This exercise calls for the whole listing to be given again exactly, without images.

» **INFORMATION PROVIDED**
=-=-=
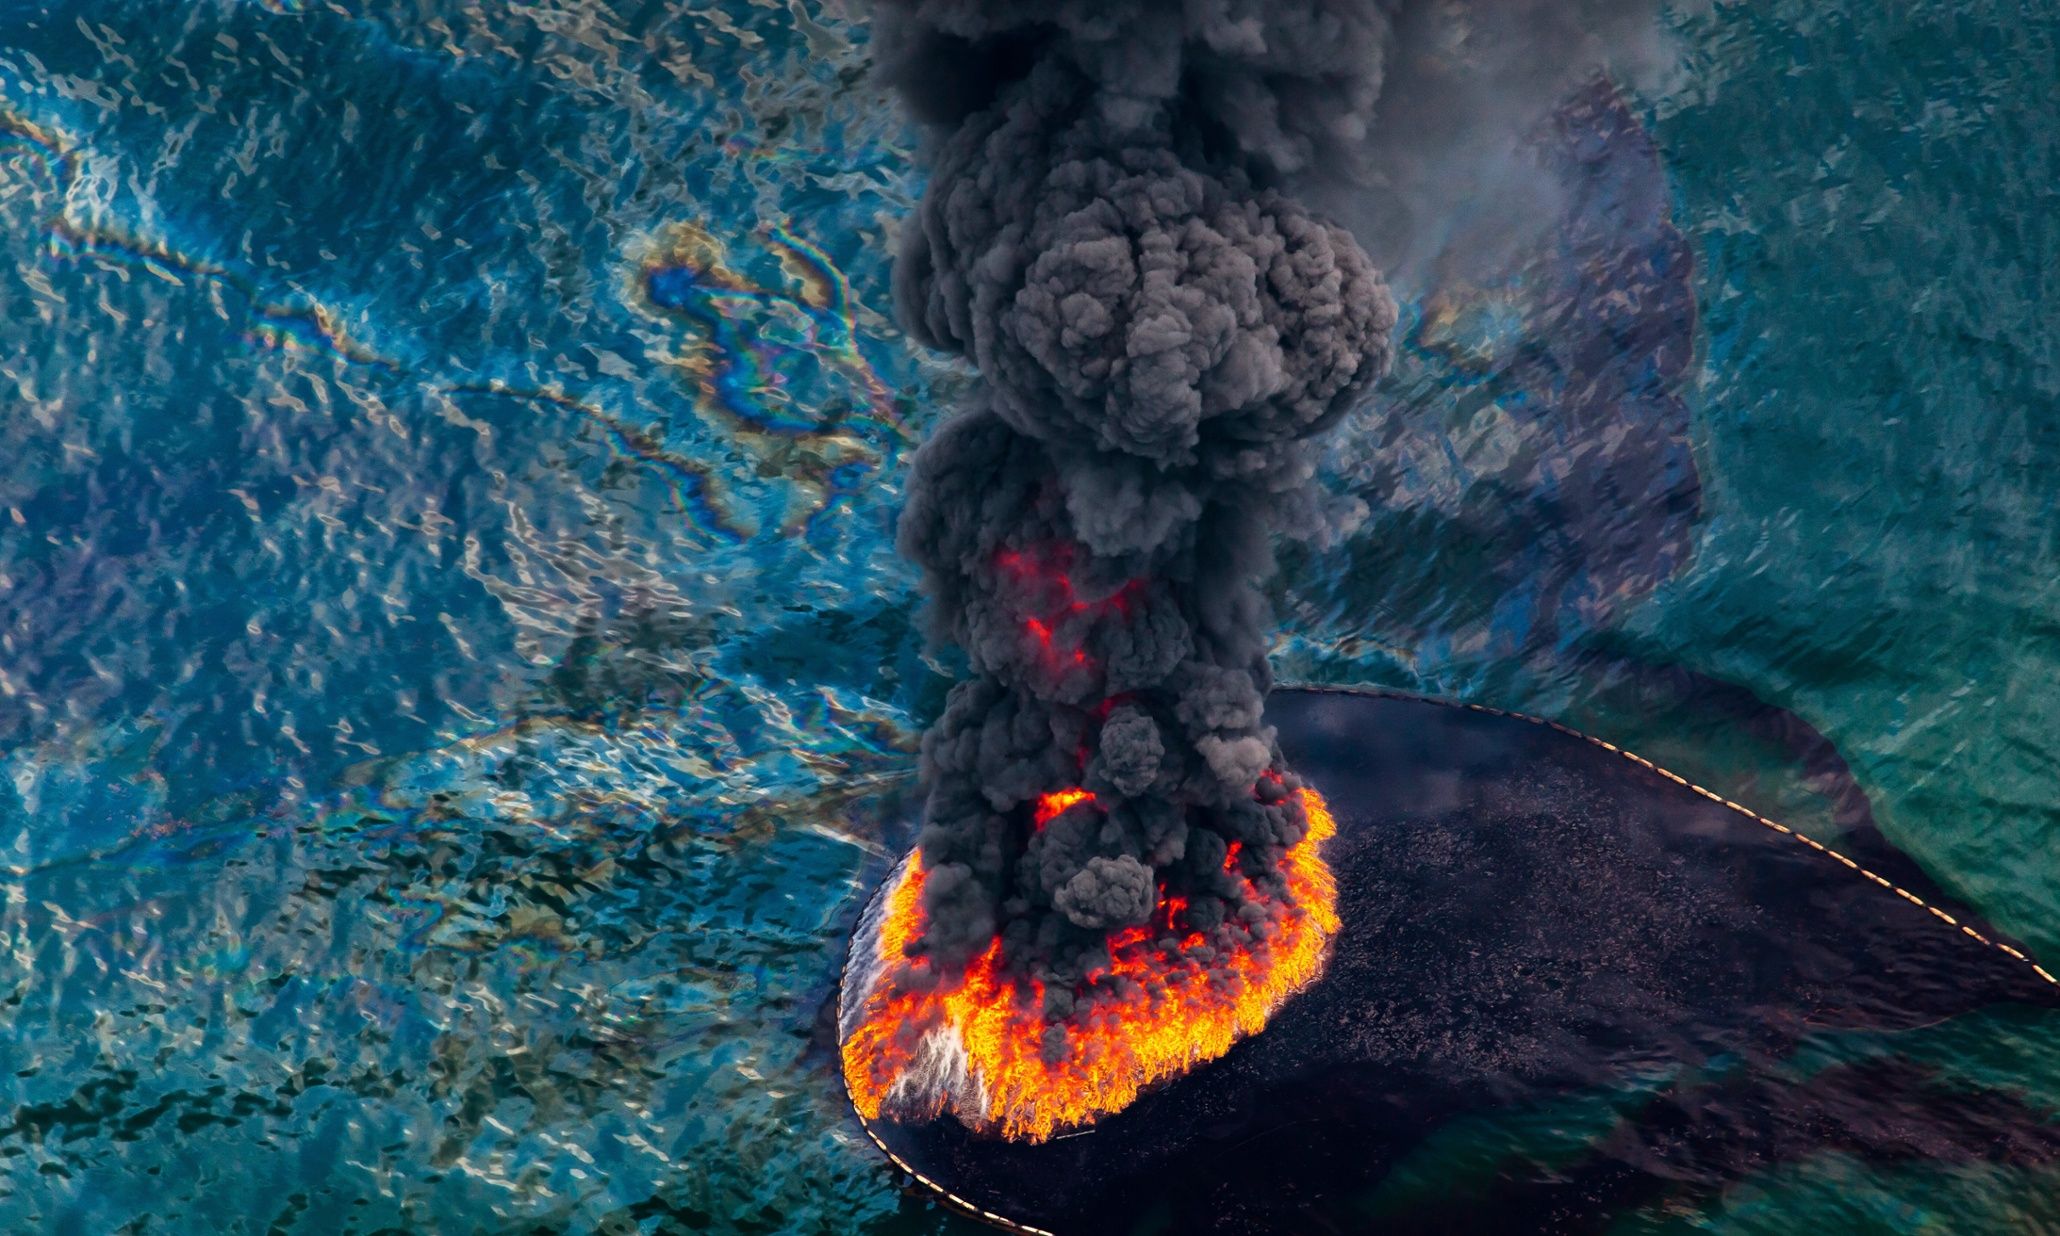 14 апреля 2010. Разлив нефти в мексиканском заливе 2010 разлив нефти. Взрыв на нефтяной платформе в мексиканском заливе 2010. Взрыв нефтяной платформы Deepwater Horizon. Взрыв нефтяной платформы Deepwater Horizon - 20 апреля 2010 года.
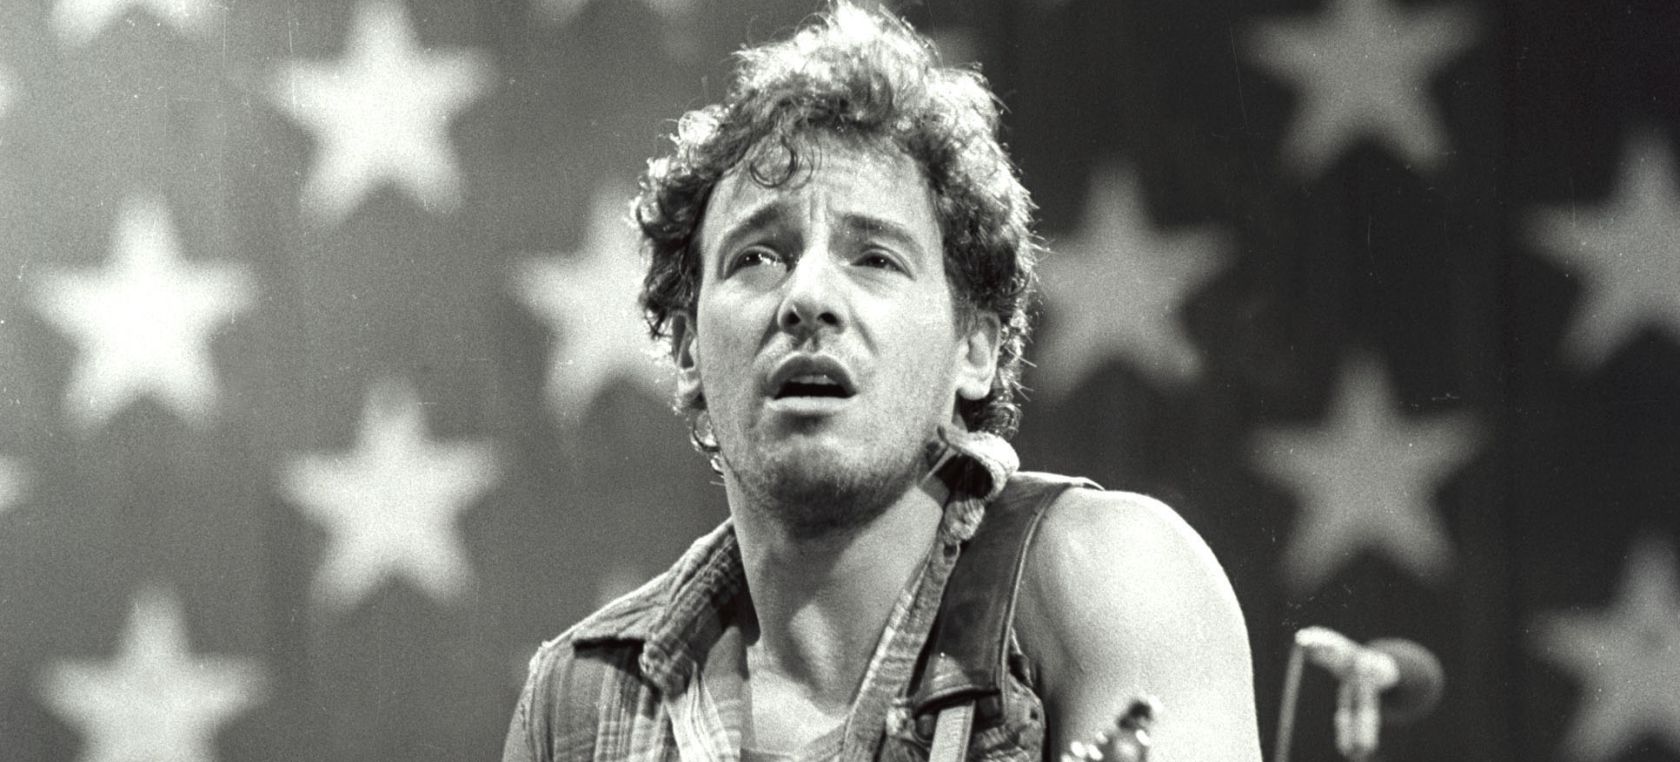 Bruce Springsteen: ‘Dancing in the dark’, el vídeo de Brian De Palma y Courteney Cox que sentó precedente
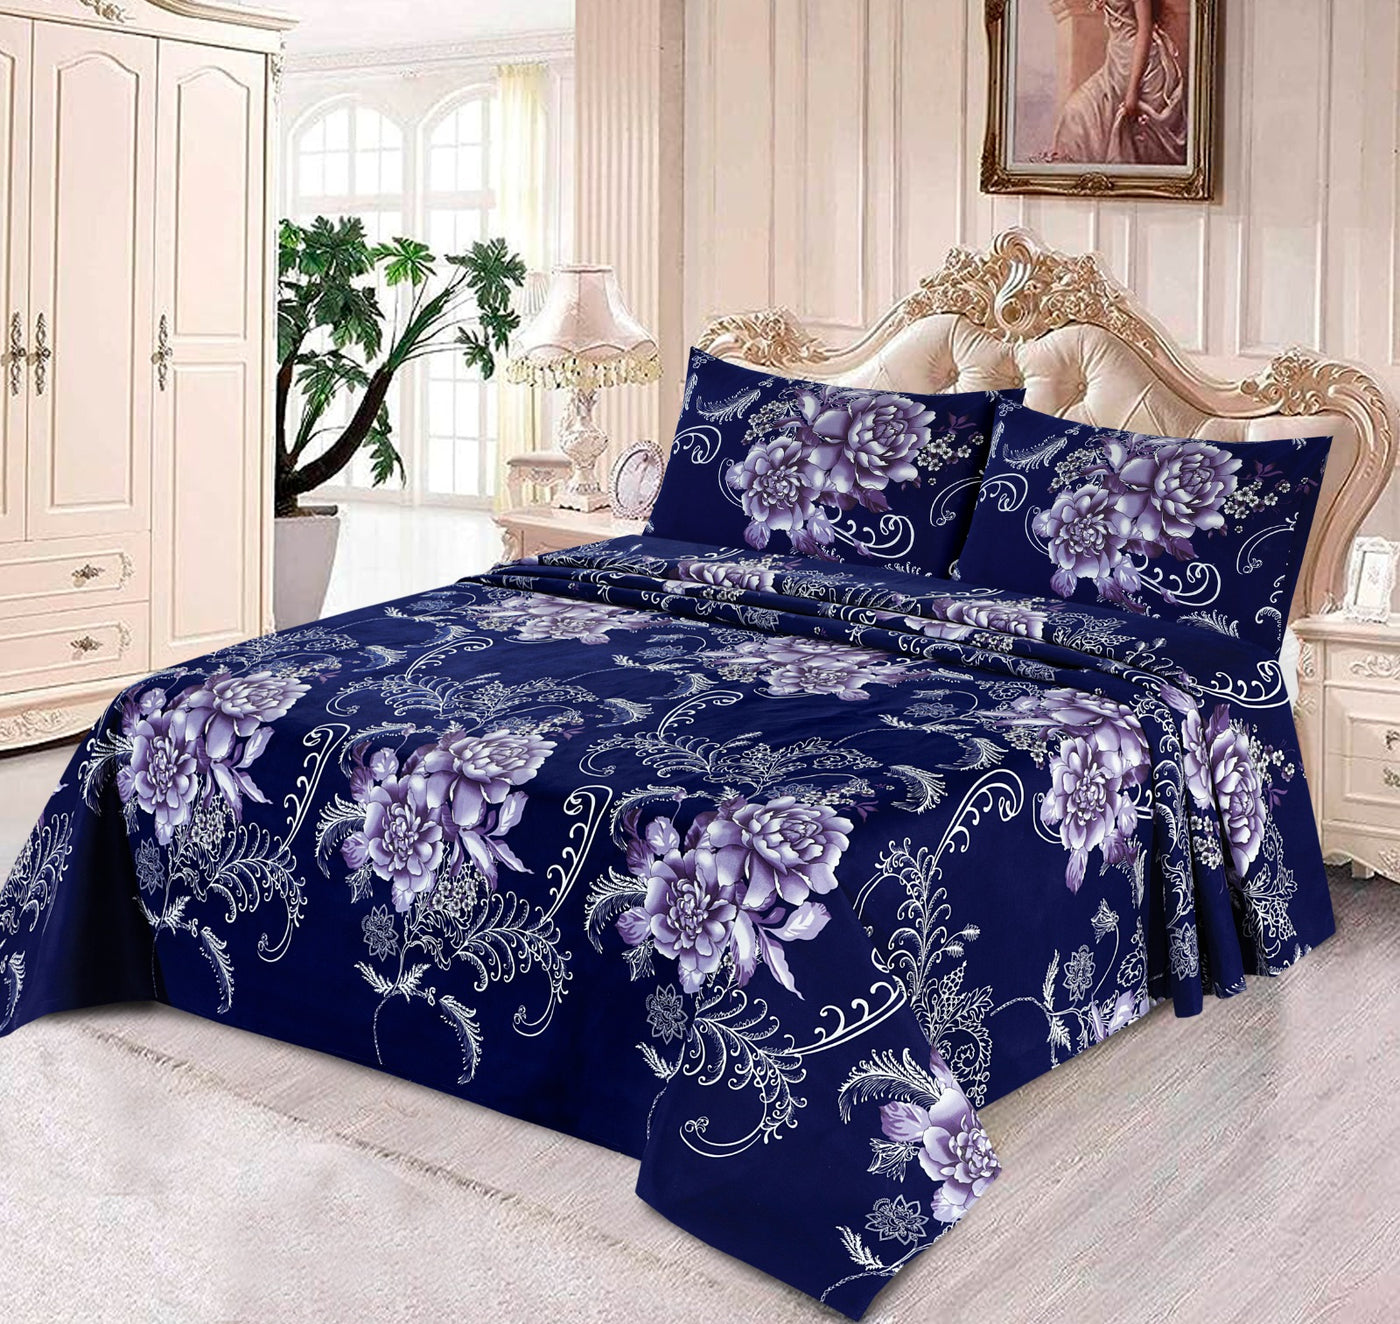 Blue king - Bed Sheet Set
=-=-=
» **SOLUTION**
 14 апреля 2010. Разлив нефти в мексиканском заливе 2010 разлив нефти. Взрыв на нефтяной платформе в мексиканском заливе 2010. Взрыв нефтяной платформы Deepwater Horizon. Взрыв нефтяной платформы Deepwater Horizon - 20 апреля 2010 года.
 Bruce Springsteen: ‘Dancing in the dark’, el vídeo de Brian De Palma y Courteney Cox que sentó precedente
 Blue king - Bed Sheet Set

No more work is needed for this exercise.